Dokter Ahli Andrologi dan Seksologi, Wimpie Pangkahila mengatakan, bicara keperawanan
itu sebelumnya harus ada kesepakatan soal definisi perawan, apakah seorang perempuan
pernah atau tidak melakukan hubungan seksual, atau semata-mata karena selaput dara robek
atau tidak.
Sebab, dia melanjutkan, kalau definisi yang dipakai itu pernah atau tidak melakukan
hubungan seksual, berarti tes keperawanan itu tidak ada hubungannya dengan selaput dara
yang robek. Misalnya dia melakukan masturbasi pakai alat atau jari hingga selaput dara robek,
tapi tidak pernah berhubungan seksual.
"Terus dites. Dan si perempuan jawab, saya perawan karena tidak pernah melakukan
hubungan seksual. Terus dia tidak diterima sekolah karena selaput daranya robek, kan kasihan
cewek-cewek itu nanti. Kasihan mereka yang pernah masturbasi pakai alat atau jari," kata
Wimpie sambil tertawa.
Padahal, Guru Besar Fakultas Kedokteran Universitas Udayana itu melanjutkan, tes
keperawanan di situ kan menyangkut perilaku. Misalnya perempuan dites apakah perilakunya
buruk karena pernah melakukan hubungan seks bebas atau tidak. "Karena menyangkut
perilaku (seks bebas), tidak ada kaitannya dengan selaput dara," terangnya.
Kemudian, soal cara pemeriksaan selaput dara. Wimpie mengatakan, tidak semua dokter tahu
bagaimana cara memeriksa selaput dara itu. Seandainya tes sudah dilakukan, apa sekolah
yakin begitu saja, padahal untuk mengetahui itu butuh verifikasi pendapat lain (second
opinion).
"Jadi yang memeriksa ini siapa? Dokter? Memangnya semua dokter tahu? Apa benar dokter
pasti benar pemeriksaannya? Terus bagaimana dengan second opinion-nya.

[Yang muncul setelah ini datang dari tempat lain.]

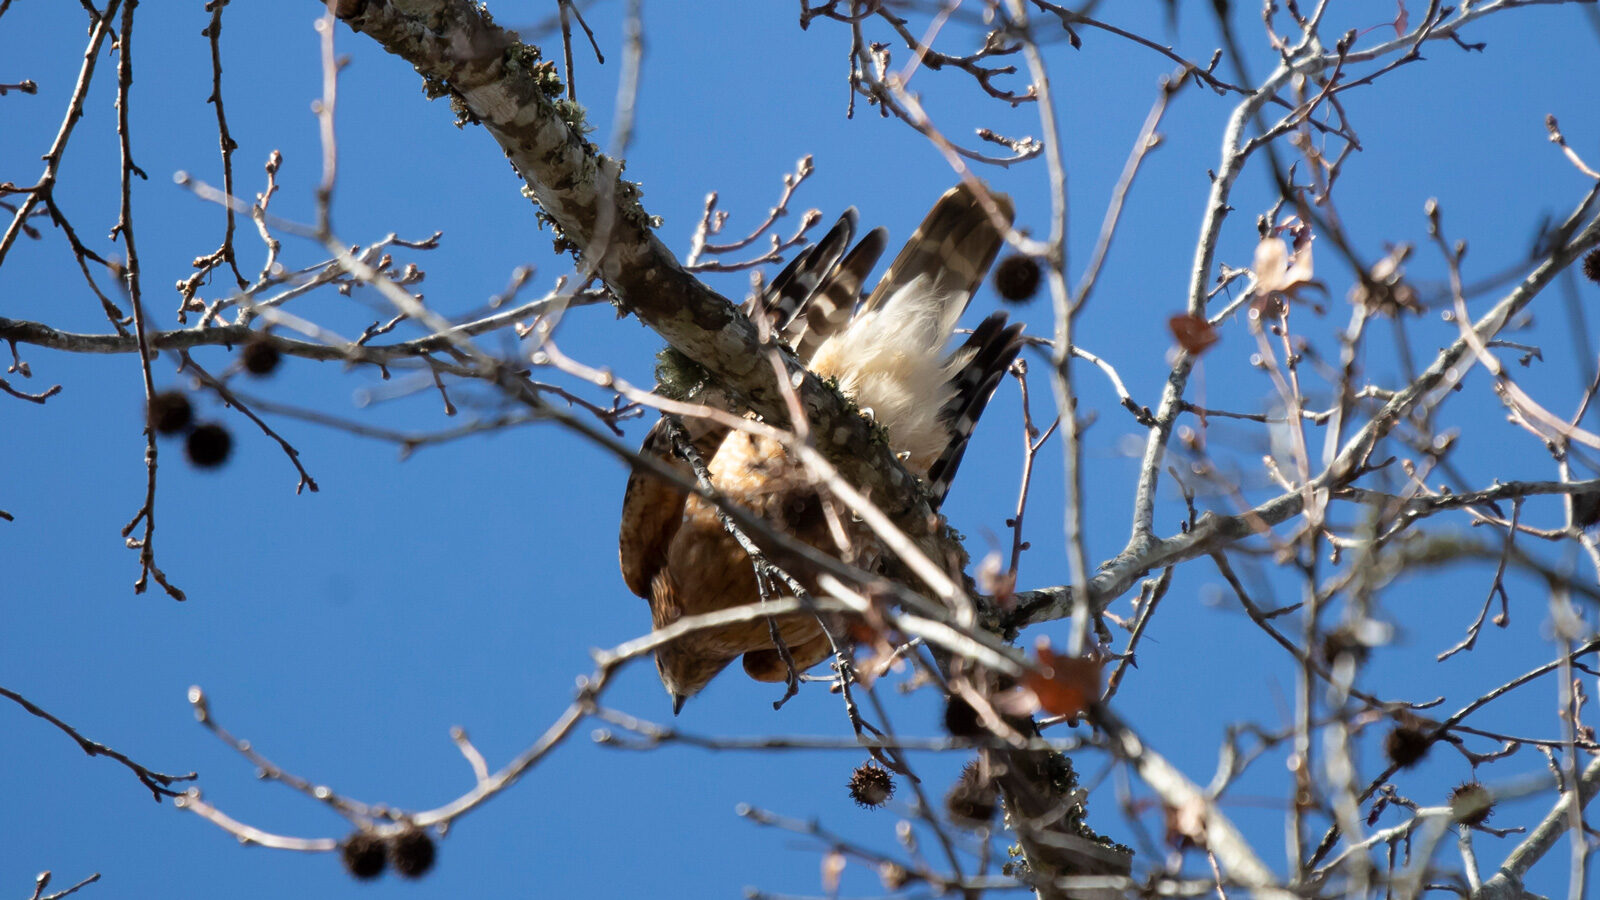 Red-shouldered hawk looking down from tree limb

Misalnya ada
pasien datang, kalau tes keperawanan salah masak harus diulang-ulang? Karena tidak semua
dokter tahu tentang seksualitas," ujarnya.
Berikut ini beberapa cara tes keperawanan menurut Dokter Wimpie di rumah sakit.
1. Buka celana.
2. Wanita tidak sedang menstruasi.
3. Wanita diminta berbaring di tempat tidur, dengan posisi seperti orang sedang melahirkan.
4. Kemudian dokter membuka kelamin, di sana bisa dilihat selaput dara robek atau tidak
(untuk melihat ini butuh pengetahuan dan ketelitian tinggi, karena tidak semua dokter tahu
dengan benar bila tidak ahlinya).
5. Jika selaput dara masih utuh, maka akan terlihat selaput tipis yang menutupi dinding dan
bibir vagina.
6. Untuk melihat itu bisa dengan mata telanjang.
Namun demikian, Wimpie mengatakan tidak adil jika keperawanan wanita selalu dibesarbesarkan, sementara tidak demikian dengan masalah keperjakaan pria. Keperjakaan tidak bisa
dibuktikan sama sekali meski si pria sudah pernah berhubungan seksual berulang kali, kecuali
dengan pengakuan.
"Untuk mengetahui perawan atau tidak dan perjaka atau tidak, itu satu, pengakuan. Karena ini
kaitannya dengan perilaku," ujarnya.